On Saturday night, May 21, four cellists, all men, played 90 minutes' worth of five Baroque concertos - without intermission, non-stop. In order to stave off fatigue, the Los Angeles Chamber Orchestra, which backed the affair, rotated its members in and out from concerto to concerto. Each concerto was a delight, and the packed houses in venerable Bovard Auditorium on the campus of the University of Southern California, with Tommy Trojan protecting the perimeter outside, with a definite sense of the opening scene in the balcony at the concert in The Red Shoes went wild without any shame.
It was the final weekend of the second Gregor Piatigorsky International Cello Festival, honoring a classical music adventurer whose actual life was more incredible than any of the tall tales he told about it.
Saturday night's Baroque hit parade was led by the incomparably elegant, historically-informed (HIP) French stylist Jean-Guihen Queyras, who opened with a D major Concerto by Giovanni Benedetto Platti, increasingly becoming known as a composer of highly diverting cello sonatas and concertos (even though he was an oboist), and closing with CPE Bach's mainstream repertoire Concerto in A Major.
Guihen hardly missed a note throughout the evening and somehow smoothed out as much as humanly possible the notoriously awkward angles and contours of CPE's fast movements, and paid especially deep homage to the music, and to the cello, in the Largo con sordini - with mutes - movement.

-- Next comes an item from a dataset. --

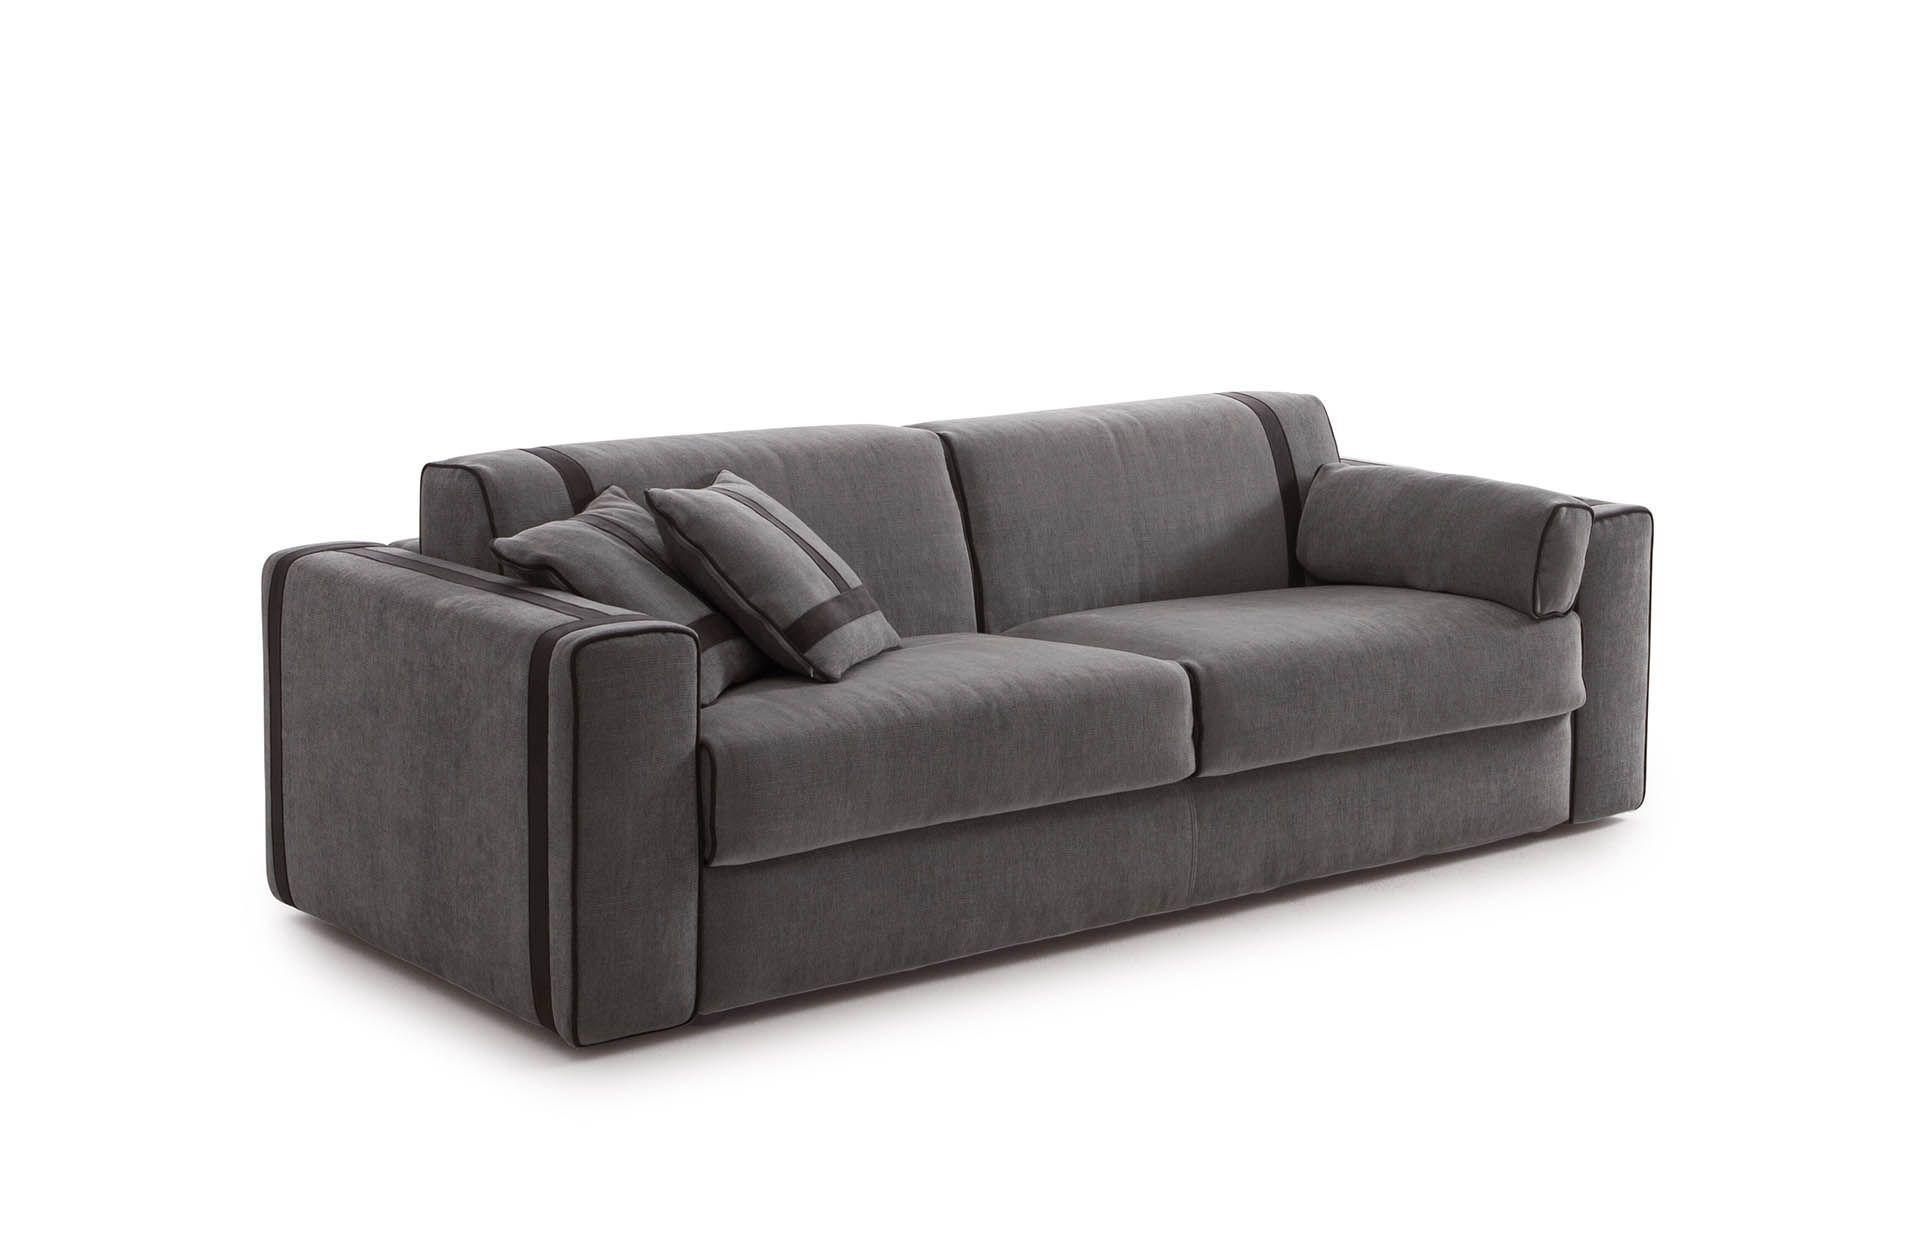 Milano Bedding divano letto ellington Мебель
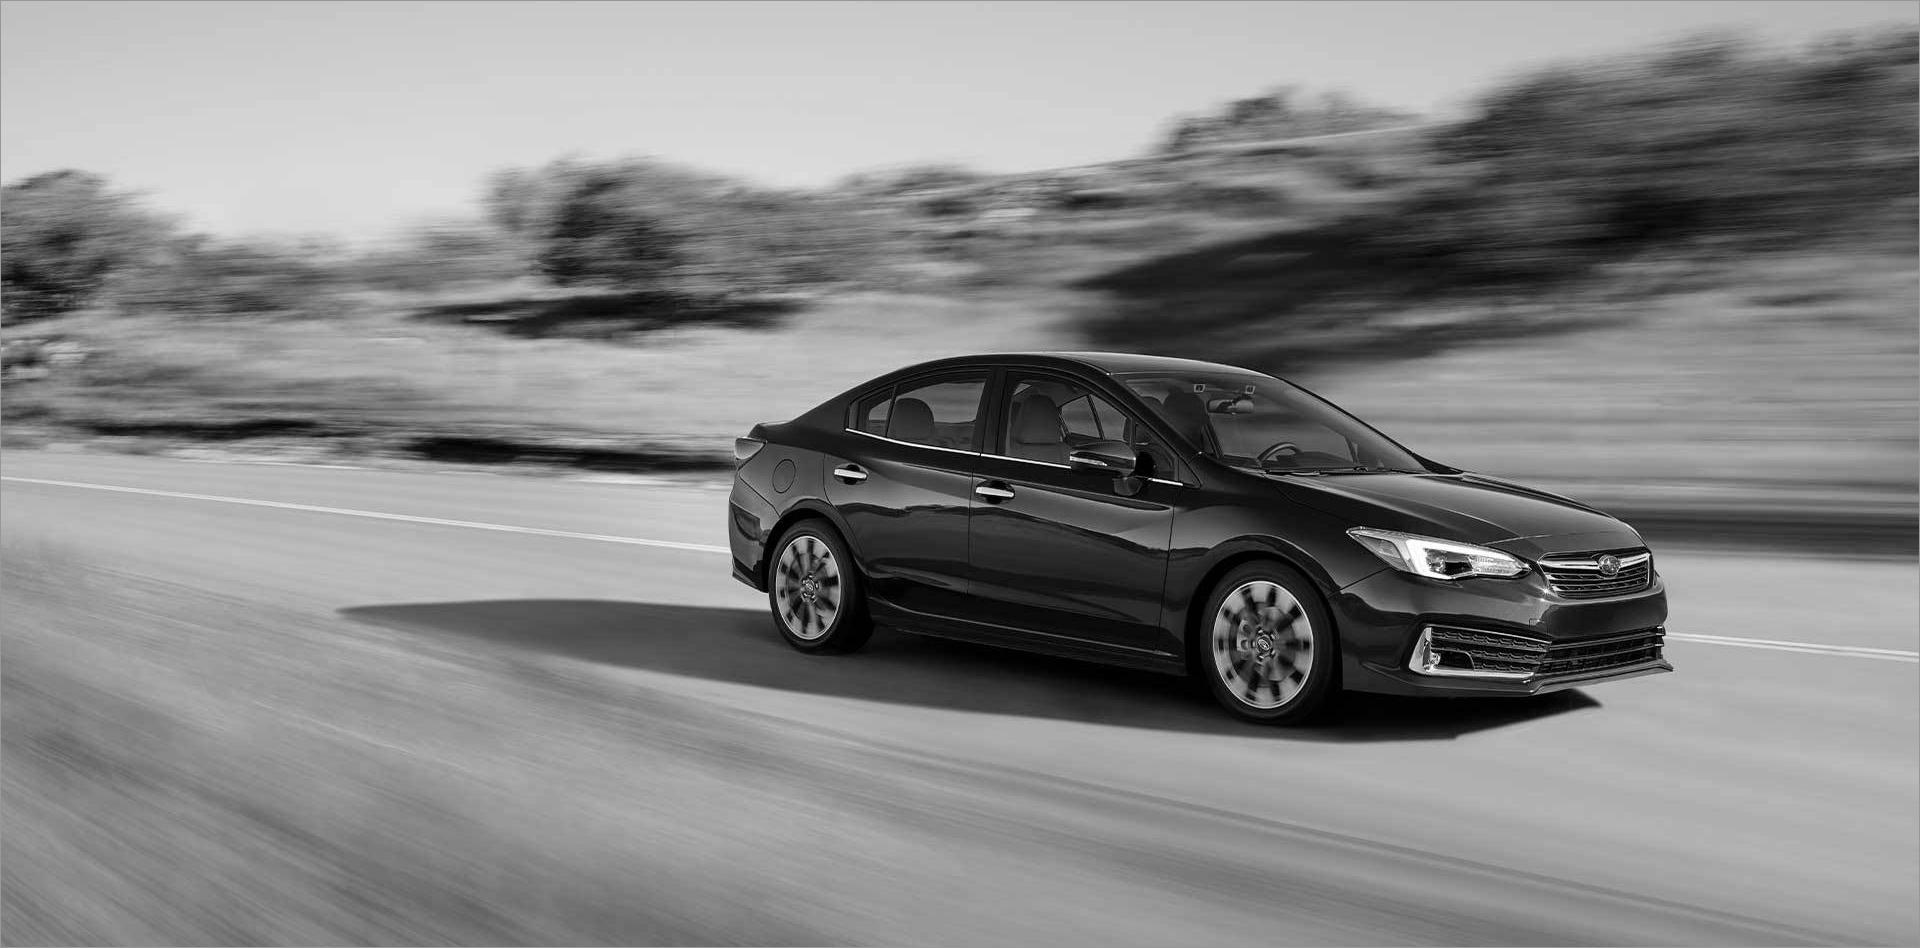 Grayscale Subaru Impreza drives on two lane country road

He improvised the embellishments and decorations all four composers would have expected, all was smoothly in line with the music's core, ingratiating to the music without drawing any attention to himself except for those who already knew the score, and carressing the music from his instrument the way the best HIP players do - their operating principle being if it's coming out hard it's not coming out the right way.
Colin Carr followed in one of the most popular of Vivaldi's concertos, RV 401, in a desolate C minor. It is not a piece that benefits from any particular approach that is not centered on the soloist speaking with their own voice, and this Carr did with a determination to let the music breathe out a bit and not be rushed so that he could let his cello speak. It was a moving interlude that Carr proposed with his flowing lines and noble tone seemingly in direct contact with the music's troubled emotional plaint.
Next up was Thomas Demenga in Boccherini's G Major Concerto, G. 480, which has come to rival the B flat major, either in the original or the bastardized Grützmacher edition Piatigorsky knew, in popularity - the reason being that Grützmacher stole its Adagio, a haunting piece of Baroque beauty similar to the CPE Bach Largo. Demenga played the gorgeous cadenzas Maurice Gendron wrote more than fifty years ago which demonstrated the the continuing legacy of all great cellists at Piatigorsky's Festival.
Representing the future, Giovanni Sollima went way beyond the letter of the HIP movement to explore the most bizarre implications of his own obsession with improvisation in an obscure and moody D minor concerto by Leonardo Leo. In addition to extravagant physical gestures, while wielding a Baroque bow high up on the stick away from the frog, Sollima developed an intimate, occasionally orgiastic, relationship with the music, his cello and the audience
All of which Piatigorsky would have loved. Except for no women.